What is required
Please write out all of the data below exactly, without including the pictures.

Dataset excerpt
..........
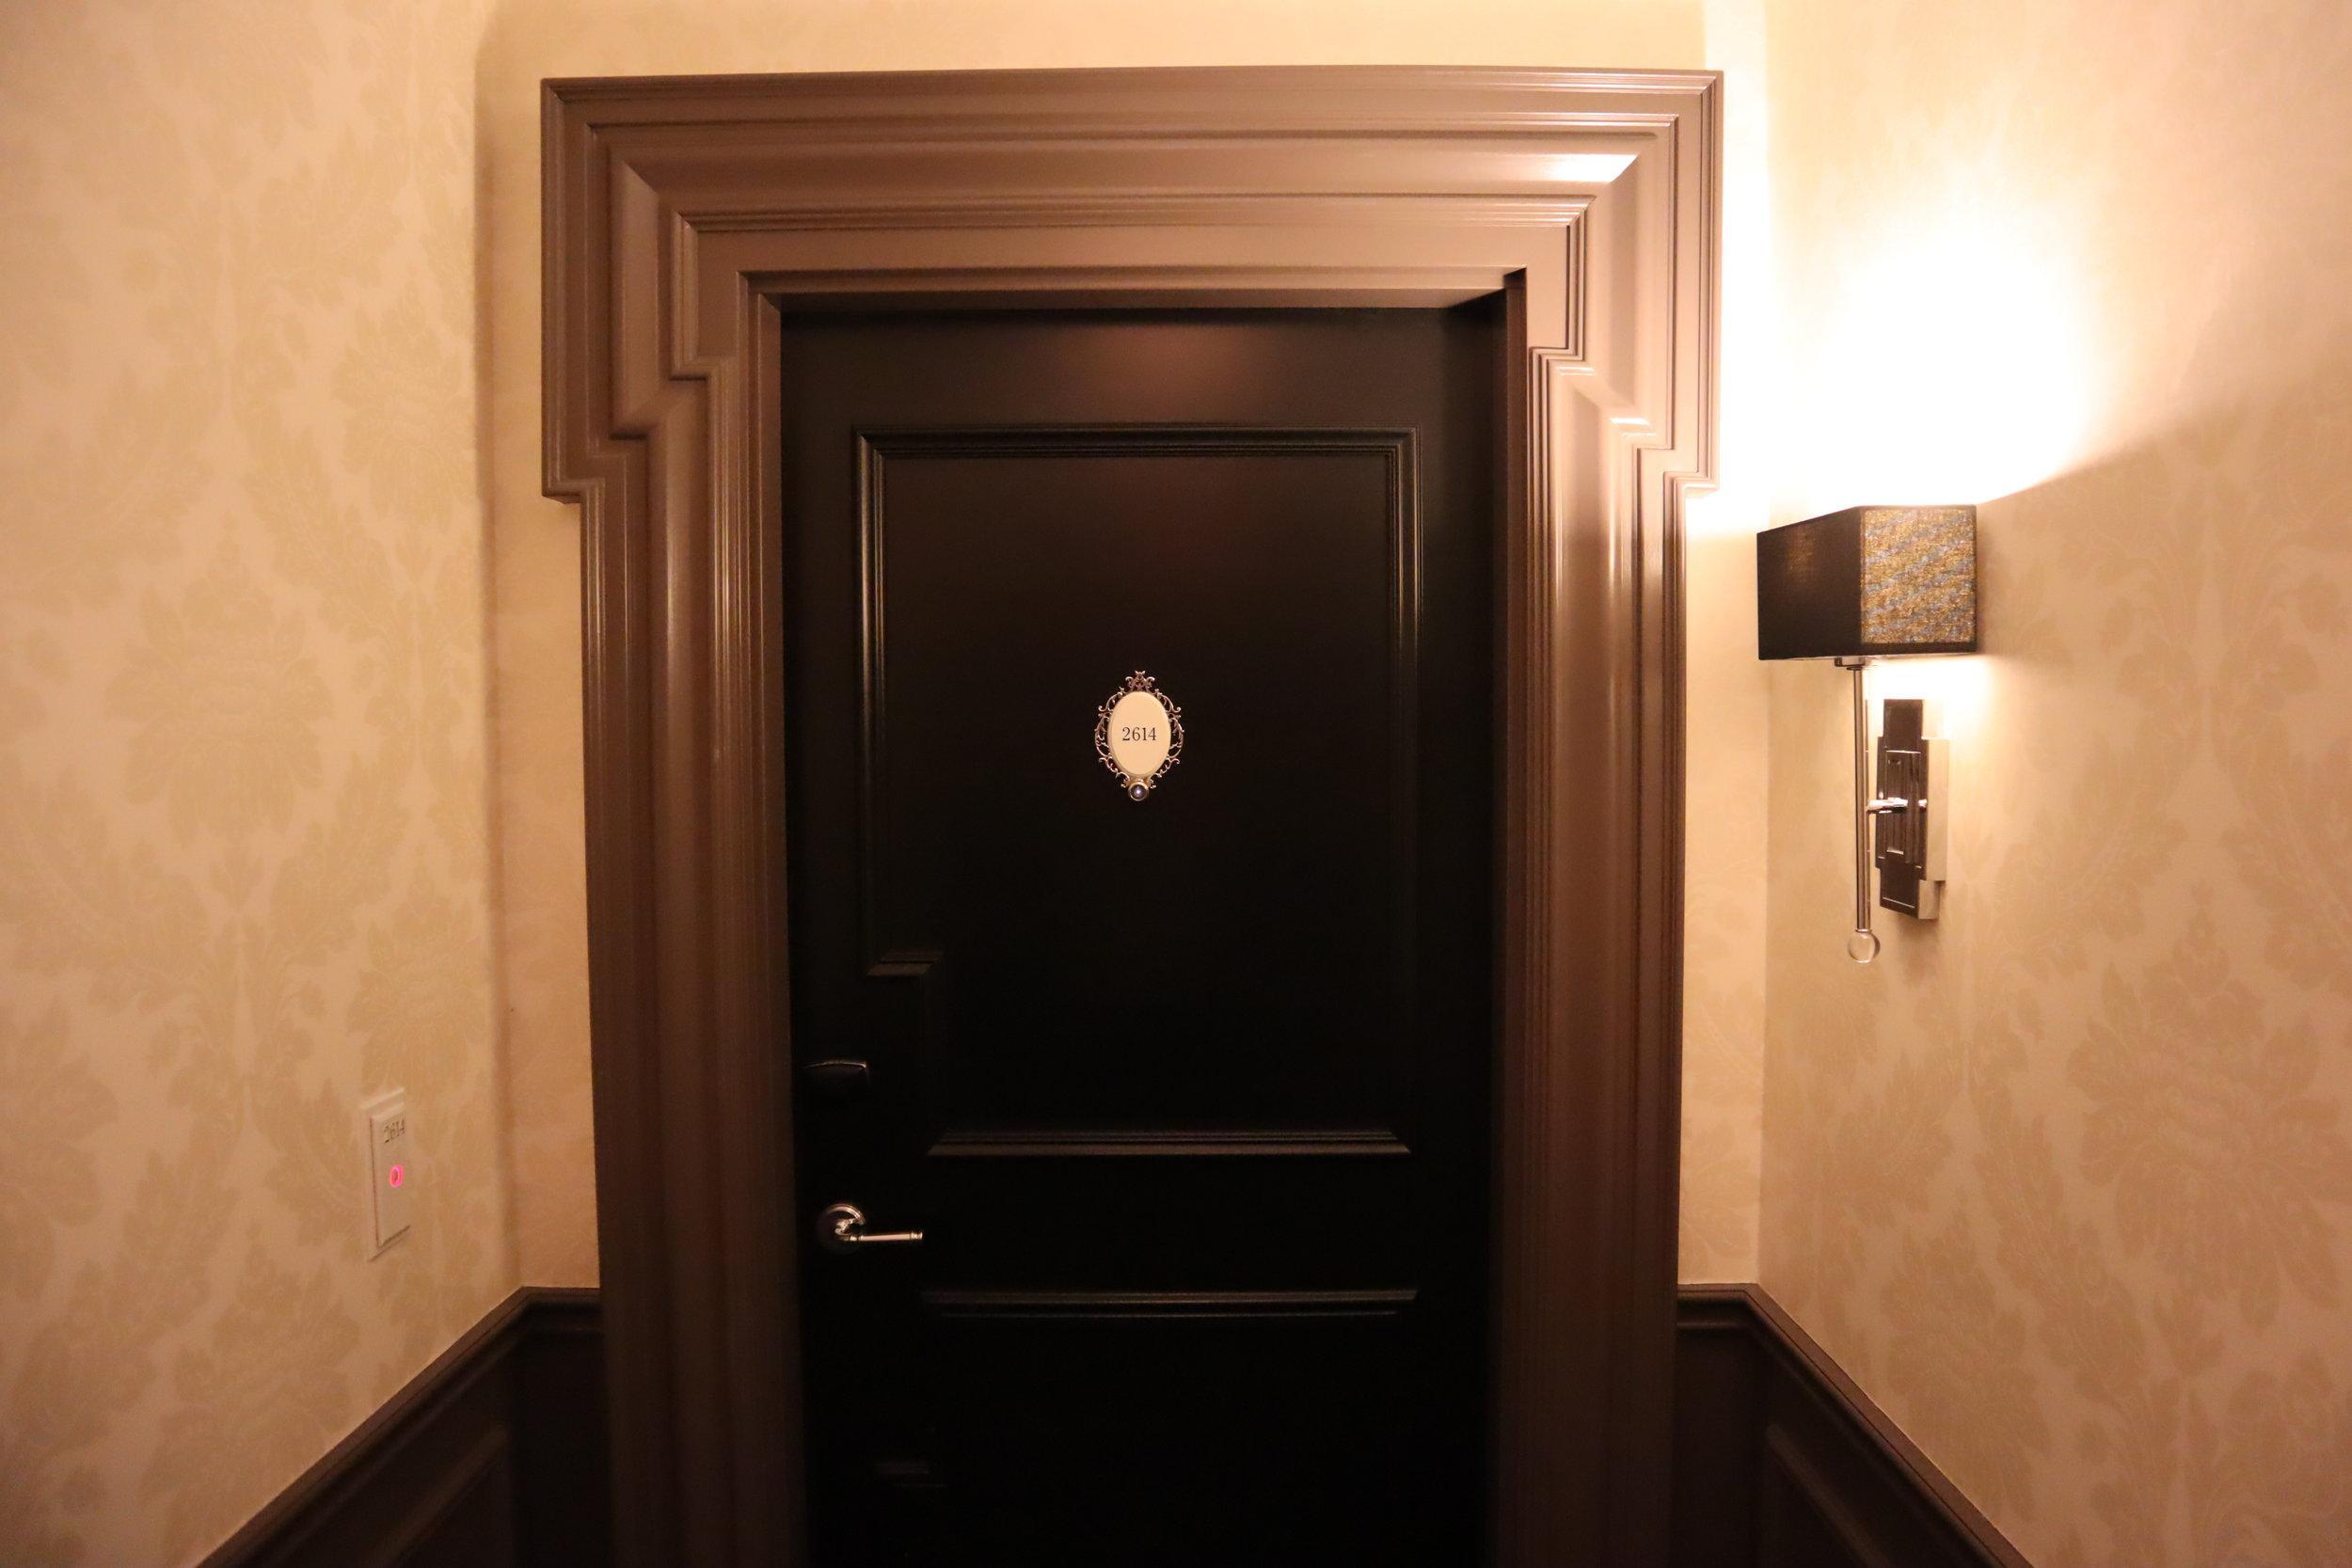 St. Regis Toronto – Room 2614
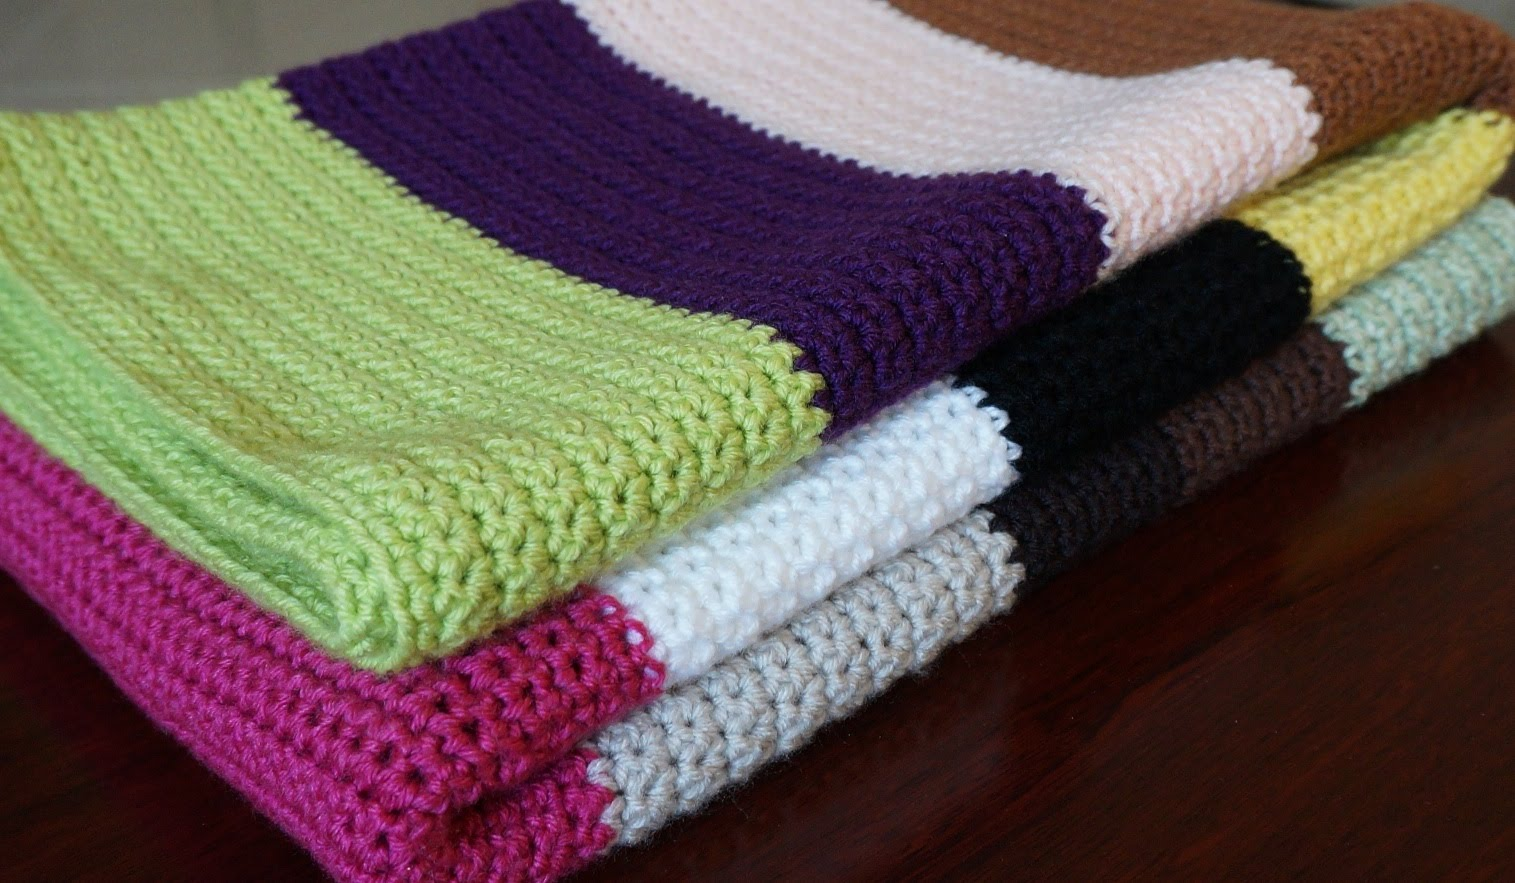 How To Crochet A Blanket single crochet blanket - youtube yskugtj
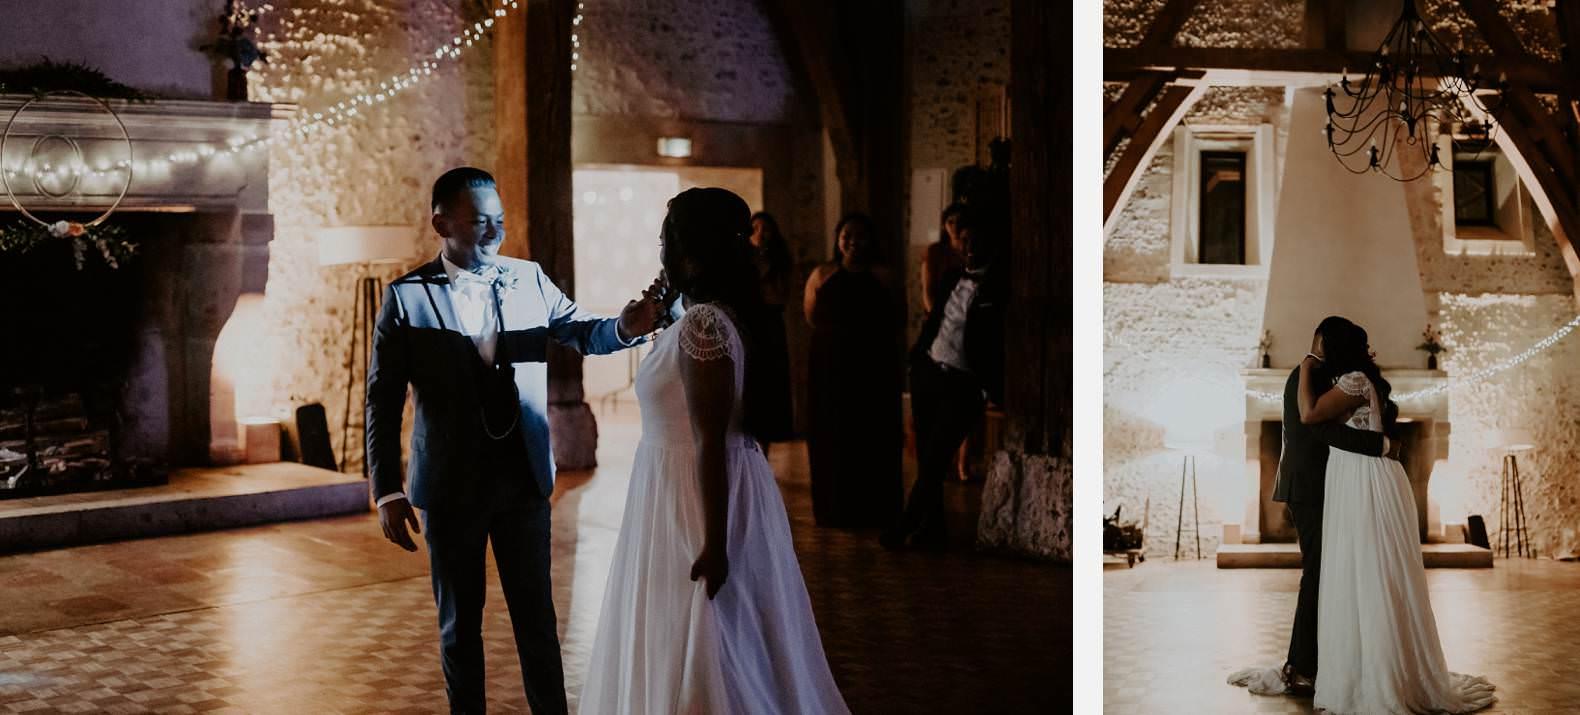 mariage manoir de corny photographe bel esprit 0068 1
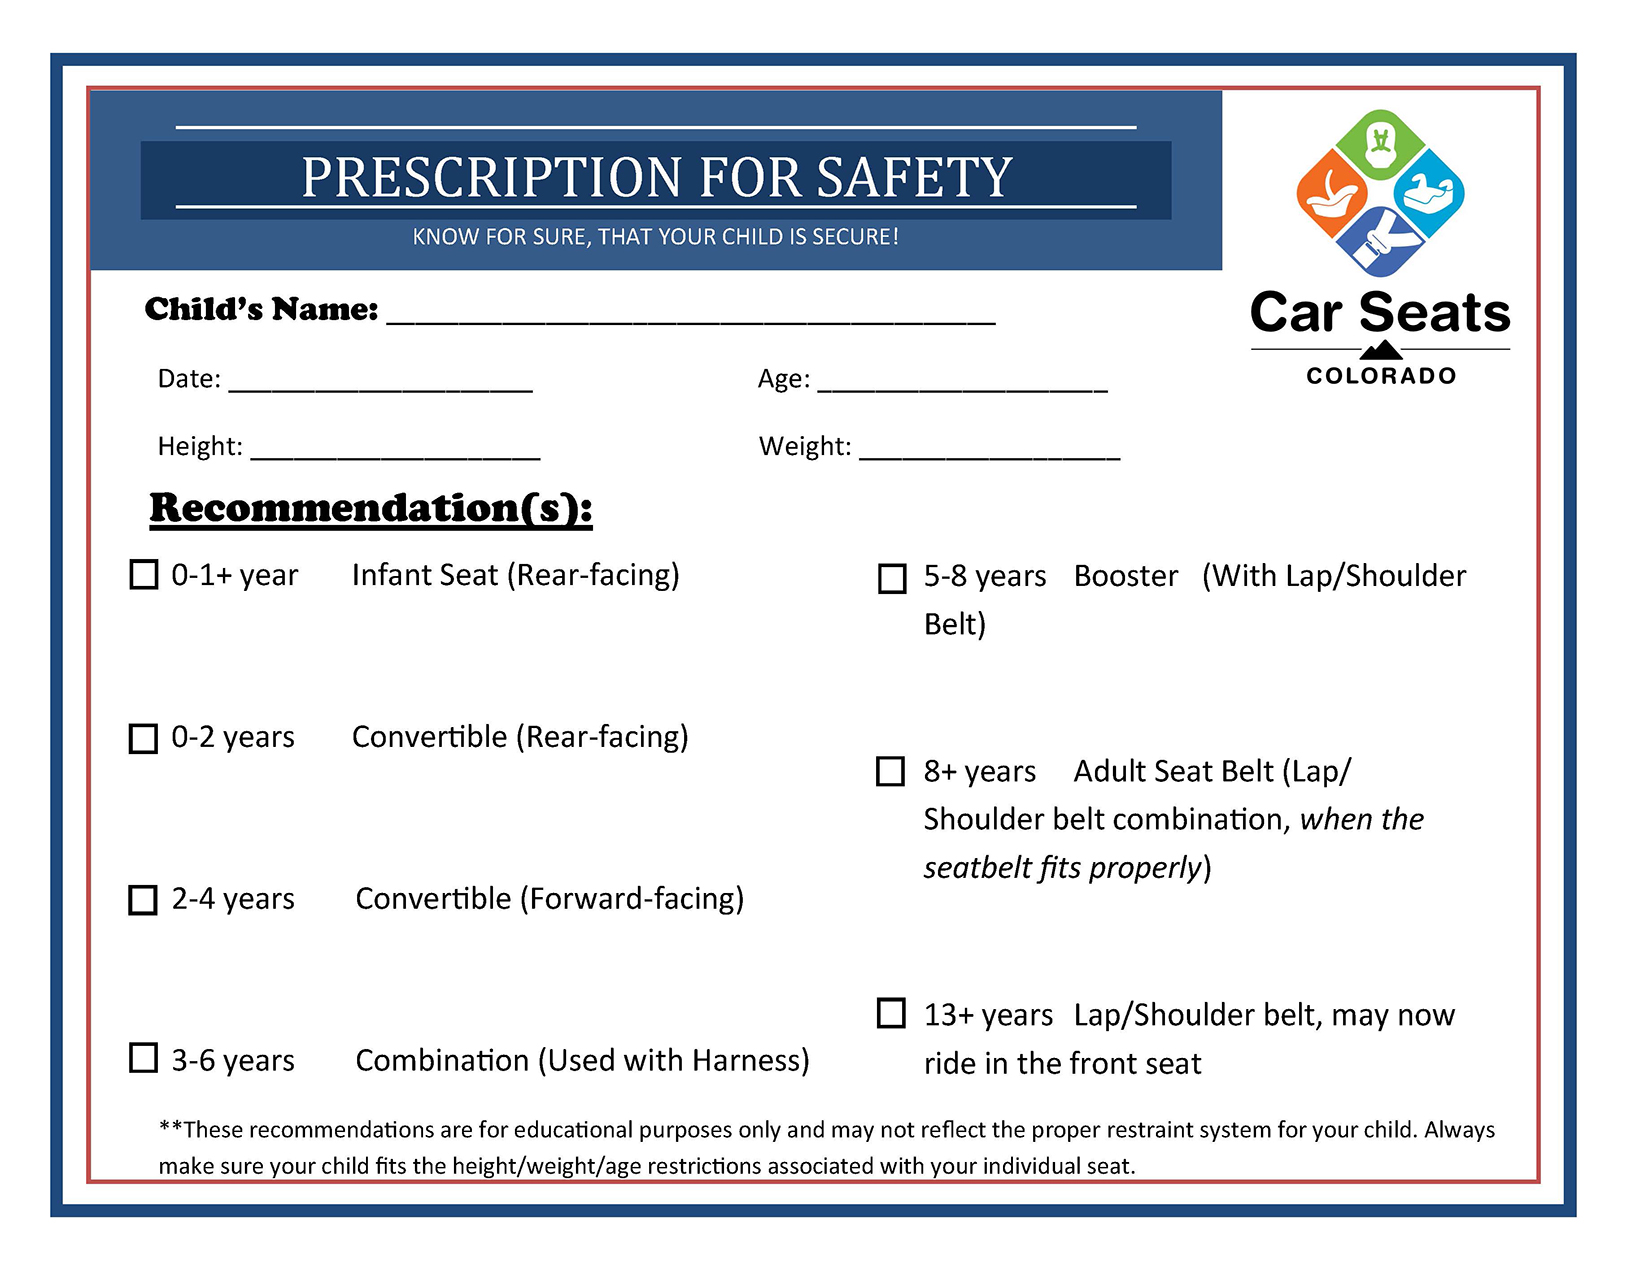 Prescription Child Safety Card
..........
Reply to the exercise
 St. Regis Toronto – Room 2614
 How To Crochet A Blanket single crochet blanket - youtube yskugtj
 mariage manoir de corny photographe bel esprit 0068 1
 Prescription Child Safety Card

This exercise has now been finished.